WORK REQUIRED: For the material below, reproduce exactly each line from the one that has "Kherallah Suliman - The Long Dark Road" through the one that has "ترتيب المجموعات بعد", and no others; pictures stay out.

SUPPLIED DATA:
▬▬▬▬▬▬

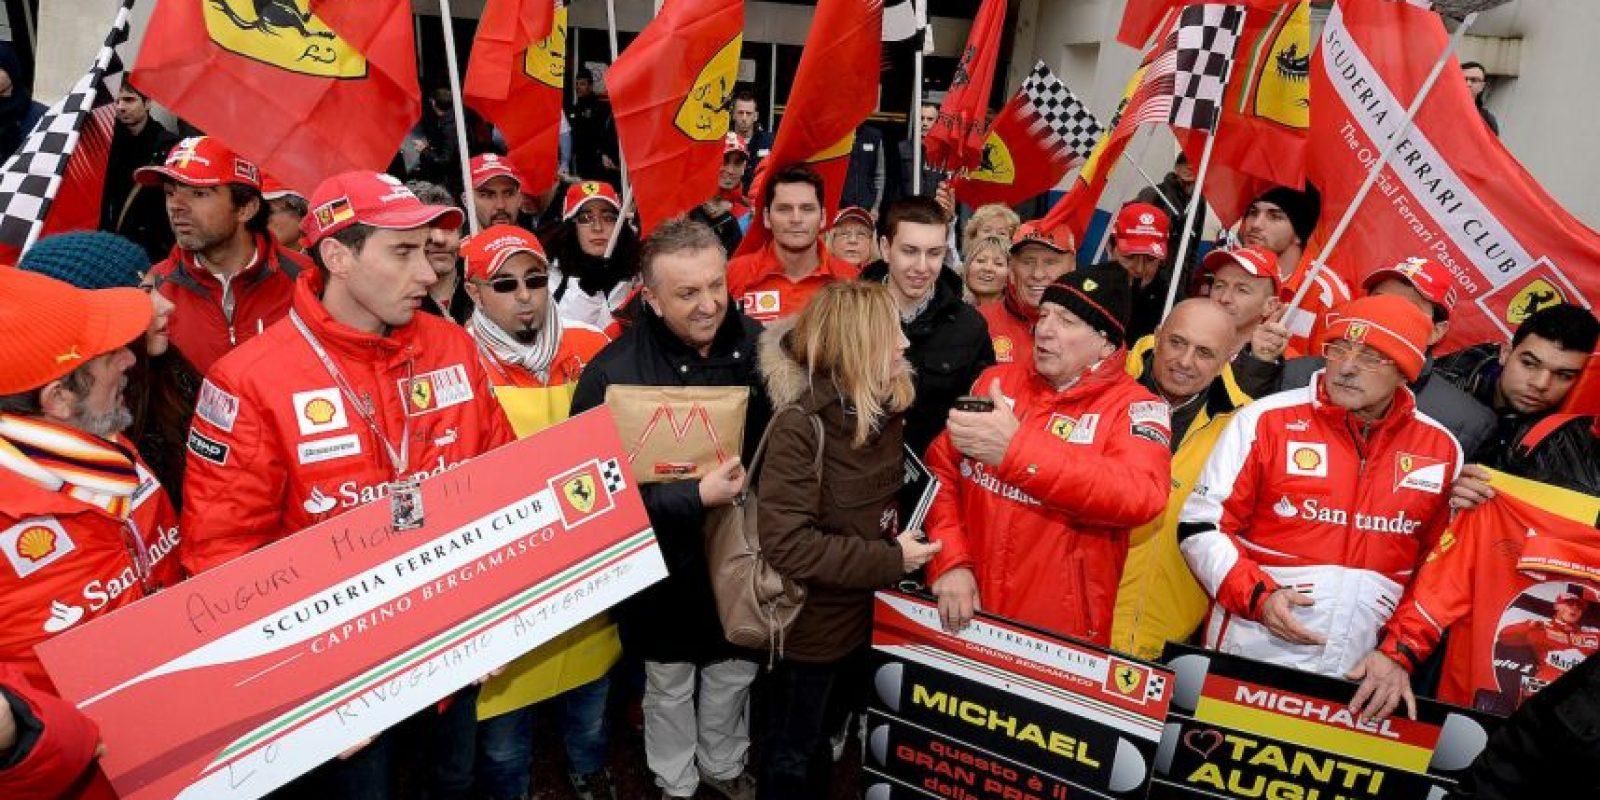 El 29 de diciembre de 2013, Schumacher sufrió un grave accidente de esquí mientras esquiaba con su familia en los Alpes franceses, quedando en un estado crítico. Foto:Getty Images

▬▬▬▬▬▬

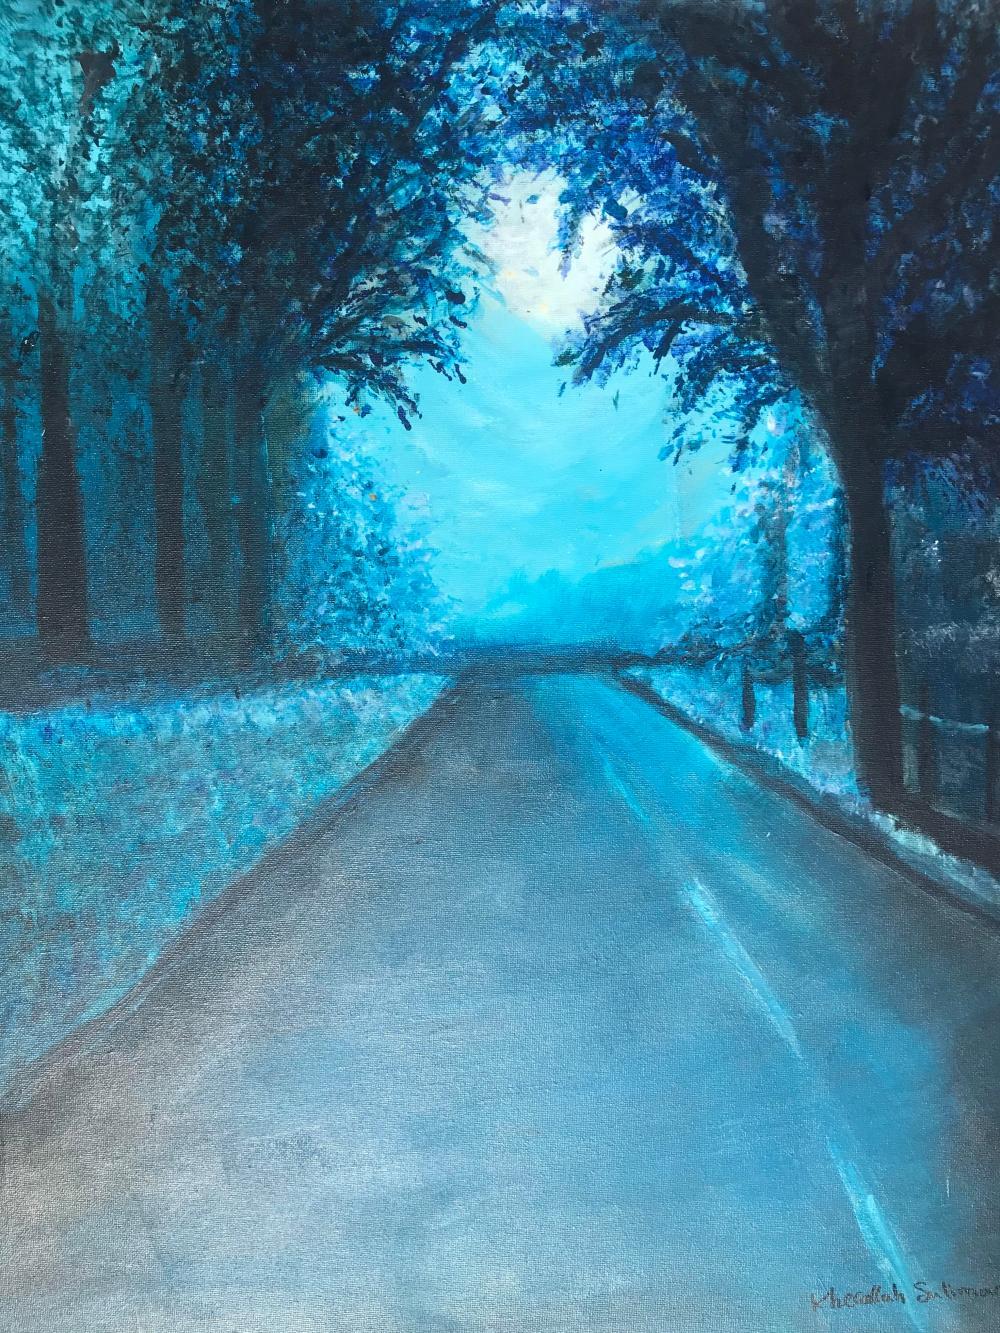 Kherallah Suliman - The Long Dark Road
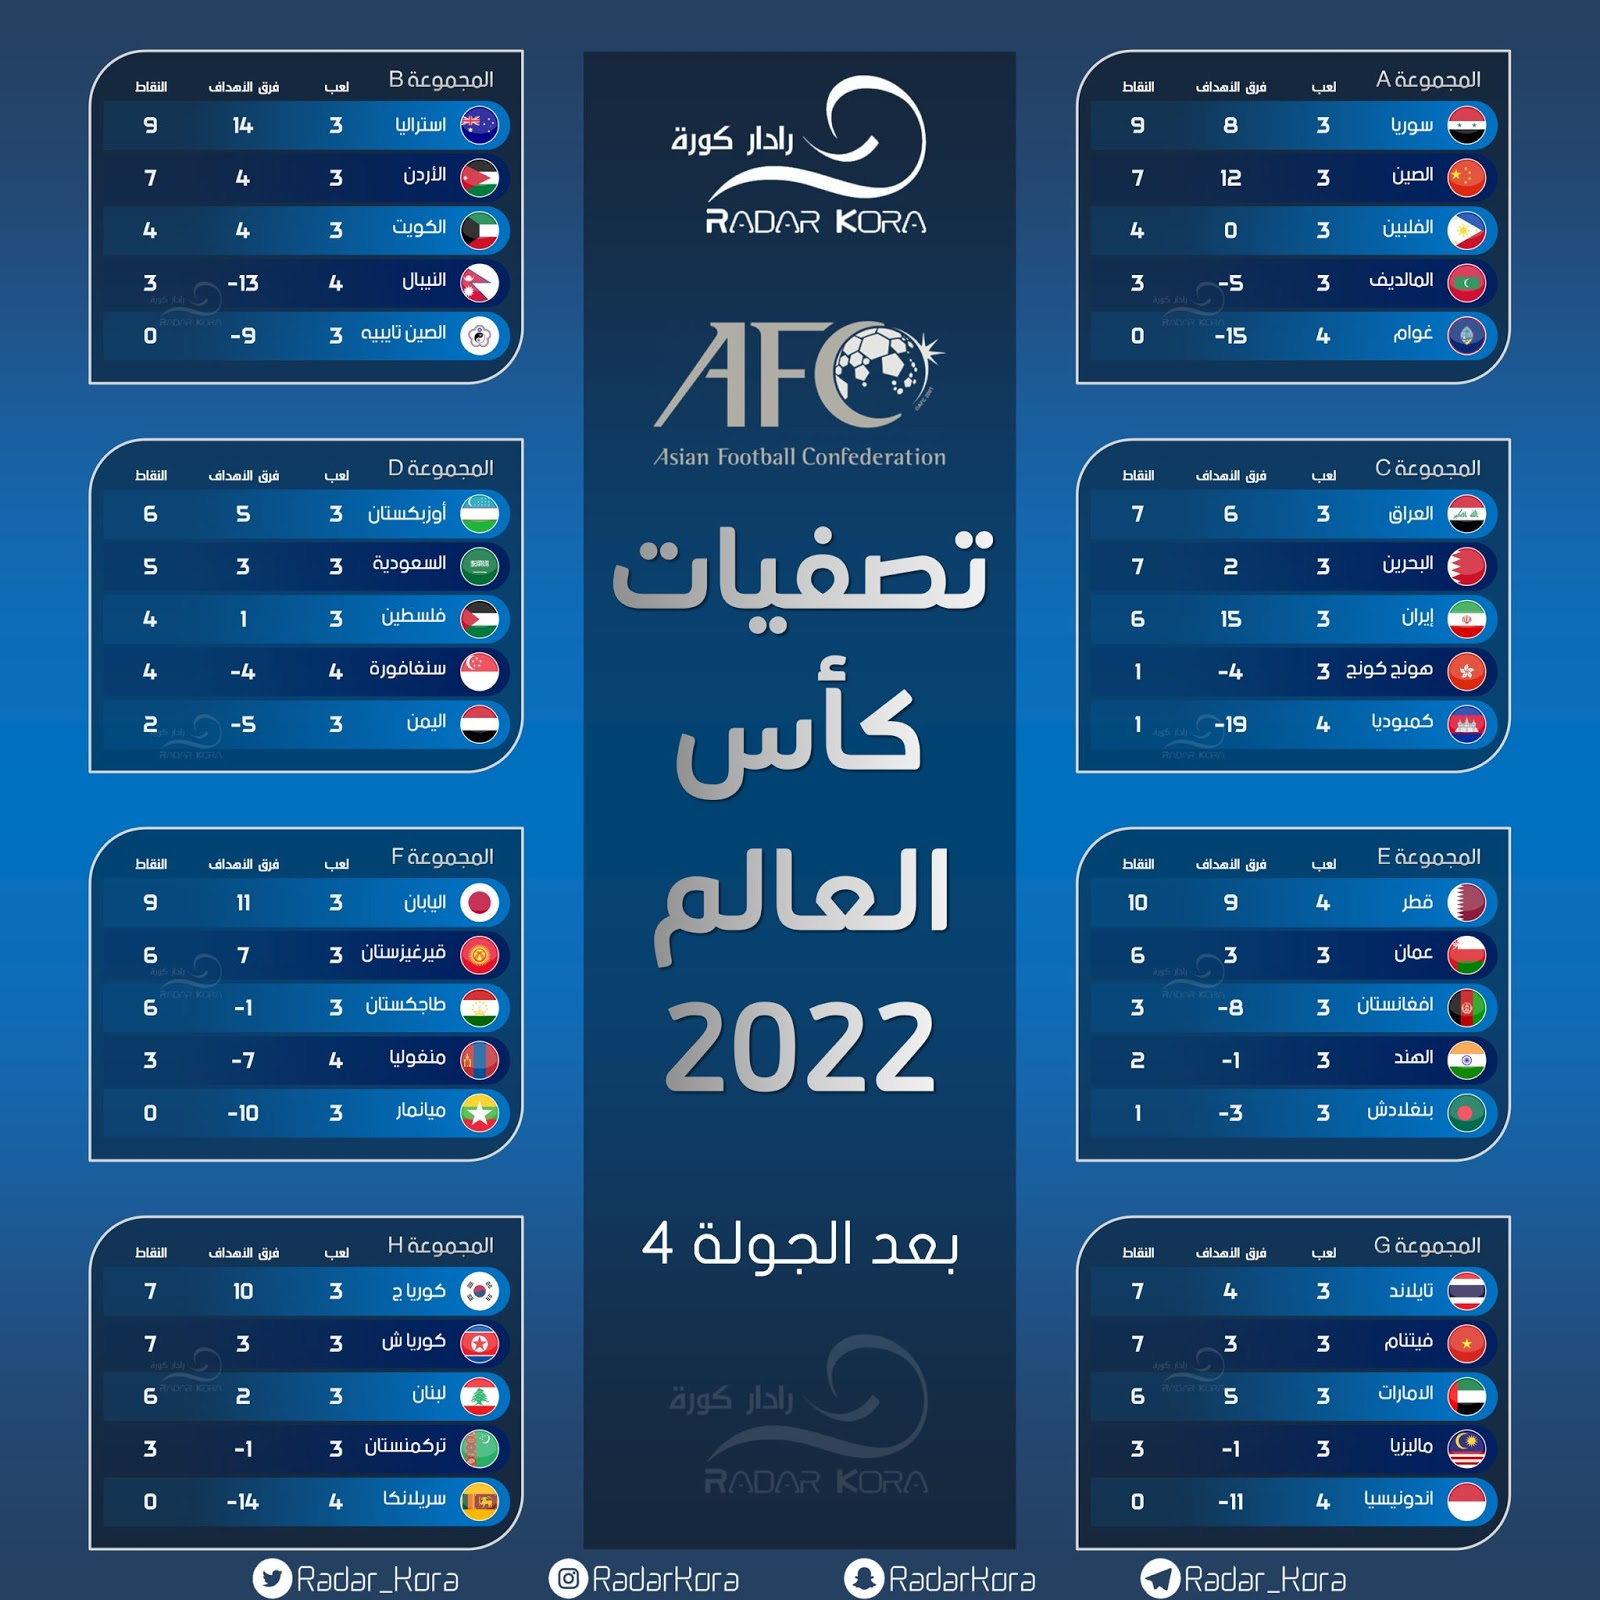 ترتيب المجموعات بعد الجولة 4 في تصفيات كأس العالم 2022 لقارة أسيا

▬▬▬▬▬▬

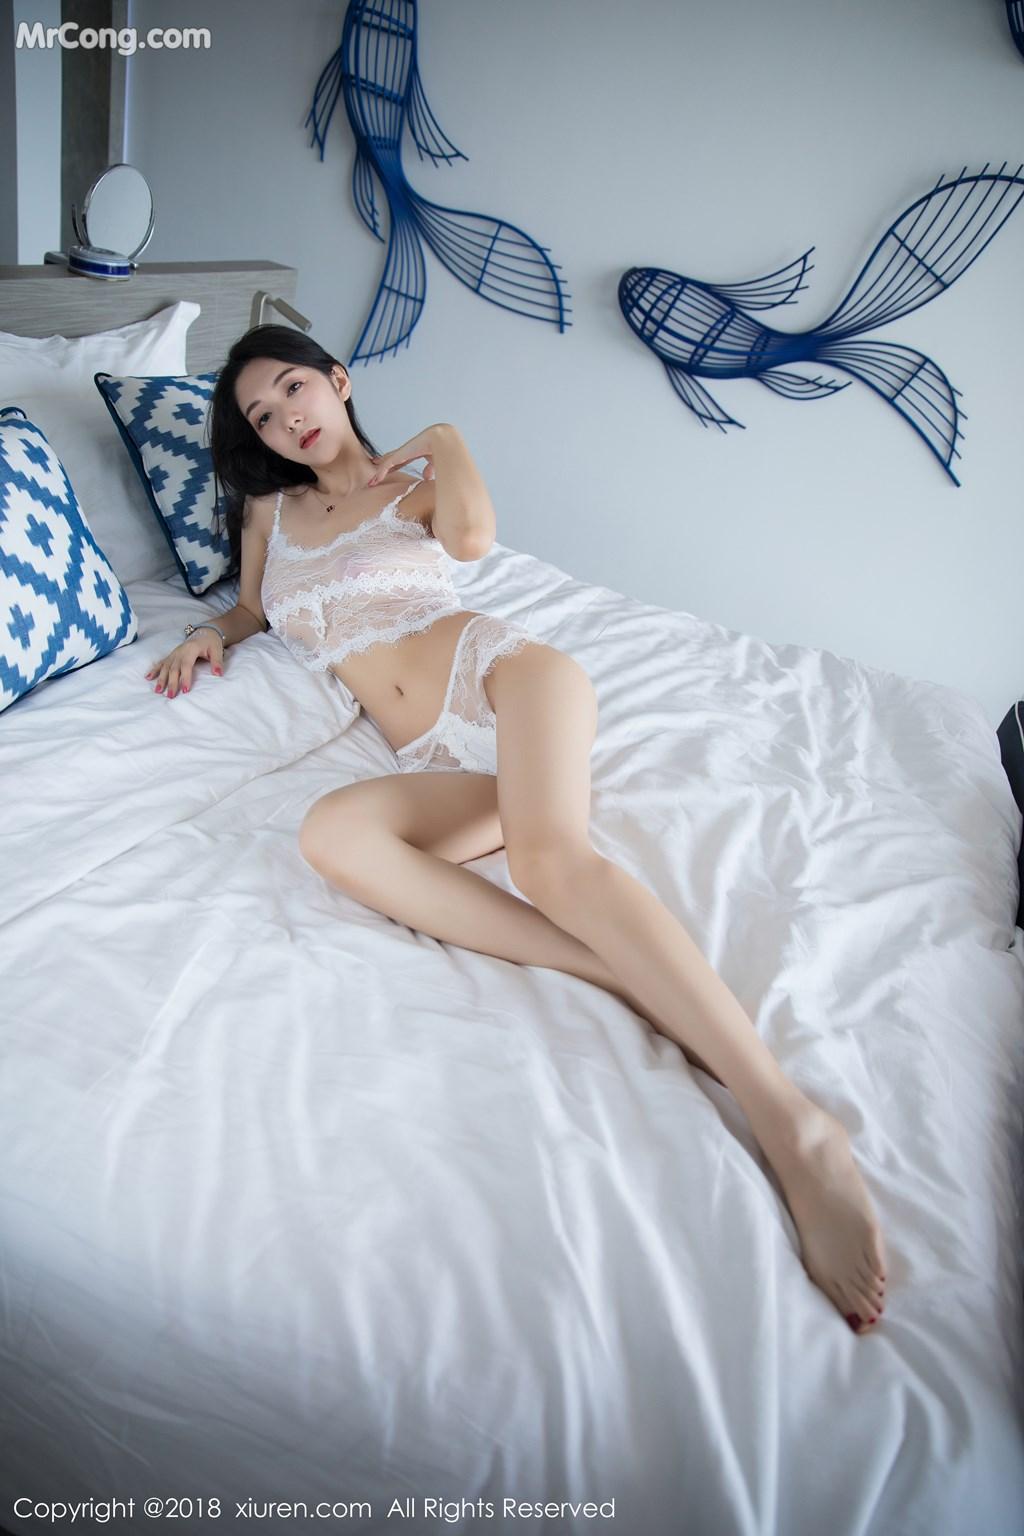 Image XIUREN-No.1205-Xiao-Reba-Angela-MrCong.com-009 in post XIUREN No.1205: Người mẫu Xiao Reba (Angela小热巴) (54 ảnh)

▬▬▬▬▬▬

ANSWER FOR THE TASK:
 Kherallah Suliman - The Long Dark Road
 ترتيب المجموعات بعد الجولة 4 في تصفيات كأس العالم 2022 لقارة أسيا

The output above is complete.